# Cracks in wall along the studs in room with vaulted ceiling



## dwitting87 (Mar 19, 2015)

Hello all,

I tried to search the forum for a similar crack issue, but it seems like every crack is a little unique.  This is my first house 2nd year owned so my knowledge is pretty sparse to cracks/aging of homes.  Here is the info:

Cracks showed up at beginning of winter.  They are pretty straight so obviously the ends of sheets of drywall

I have no idea if they were taped.  I couldn't determine, but in some cases, I would say no.

The "specialist" at homedepot said that an exterior grade drywall that would expand/contract with the season would fix it.  Once I cleaned out the cracks, patched them and painted they were like new.  Then once it warmed up, the "expanding patch" began to bulge.  Once winter came back the following year, they began to crack again.  

Key notes about the room:
1. Its above the furnace room in my basement. 
2. I live in Michigan
3. The walls with cracks are opposing walls
4. The ceiling is vaulted (not sure if that would be a factor)
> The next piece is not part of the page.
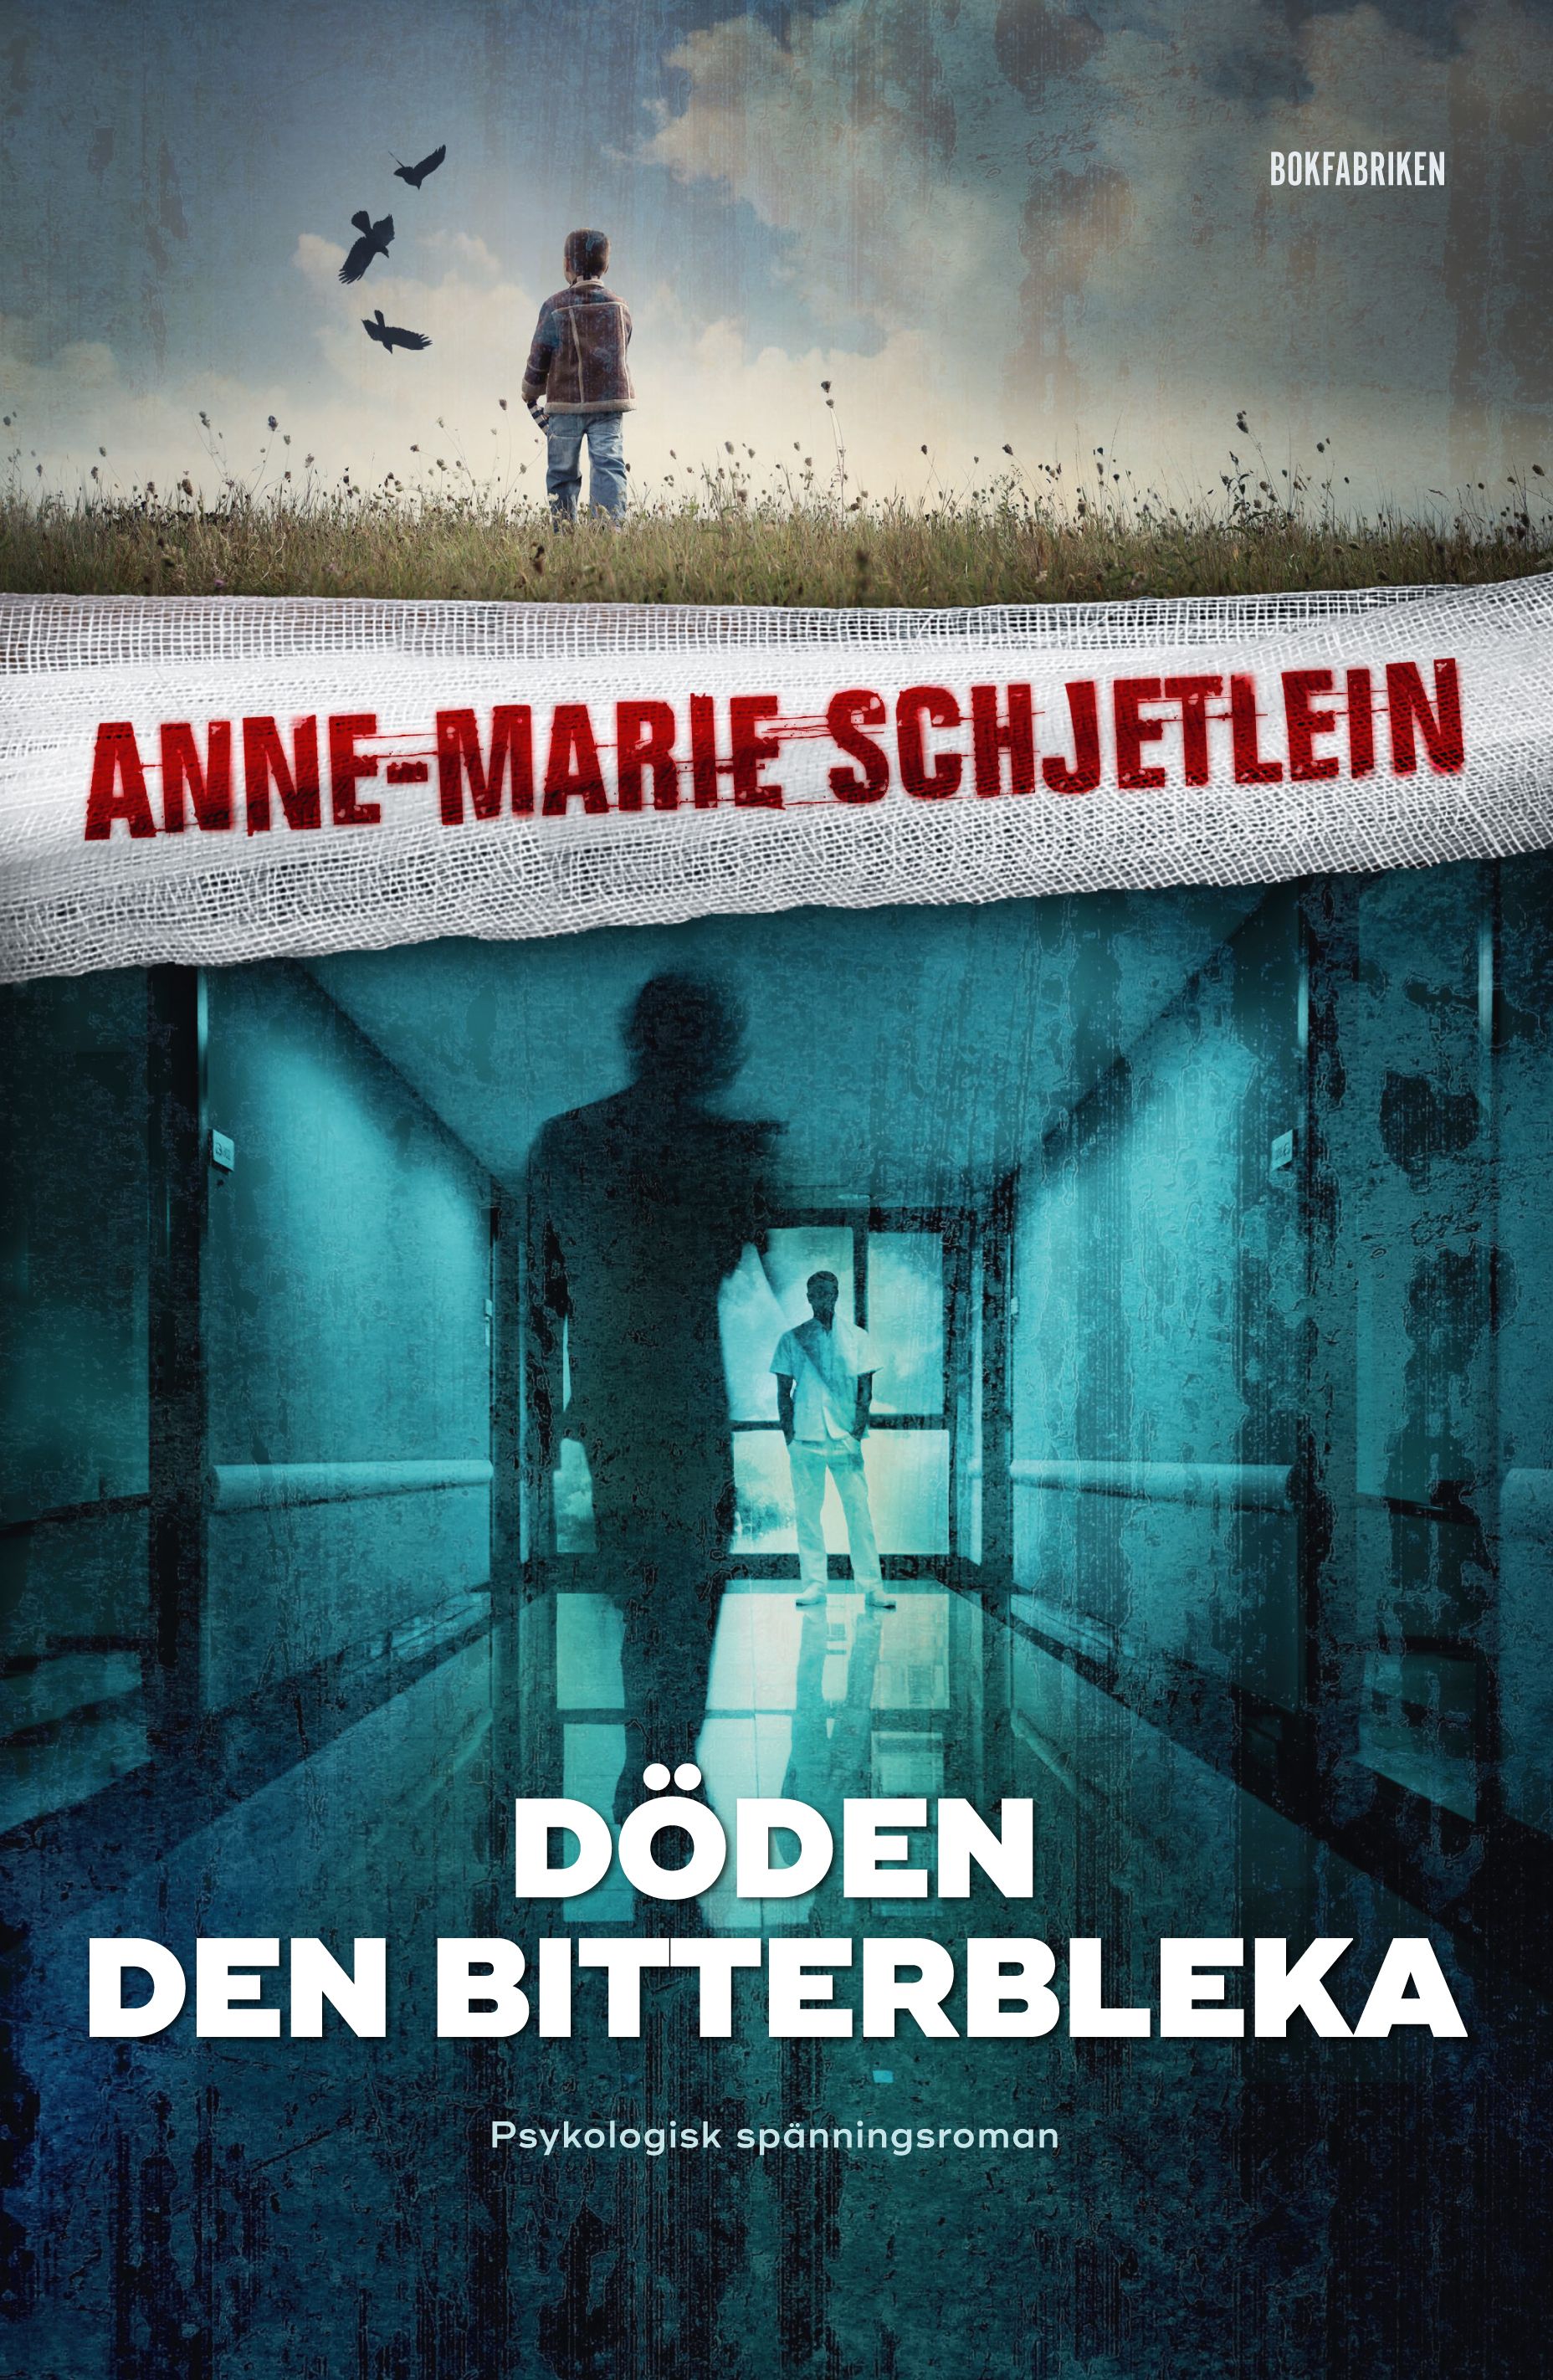 Döden den bitterbleka, e-bog af Anne-Marie Schjetlein

My first thoughts were to tape, but I don't want to tape and repaint if I am not at least "mostly confident" it would resolve the issue.

Thoughts?

Thank you in advance.


----------



## nealtw (Mar 19, 2015)

Welcome to the site.
Any crack repair in drywall should be taped but this looks like a bigger problem.
Do you know if the house was built with the vaulted ceiling or was this changed at some time?
Have you got access to the rest of the attic, I would like to see a photo of the trusses or rafters up there and a photo of where the attic meets the vault.


----------



## Sparky617 (Mar 19, 2015)

The one above the corner of the door is fairly common when they seam the drywall right at the edge of the door.  You usually try to avoid doing this when laying out the drywall.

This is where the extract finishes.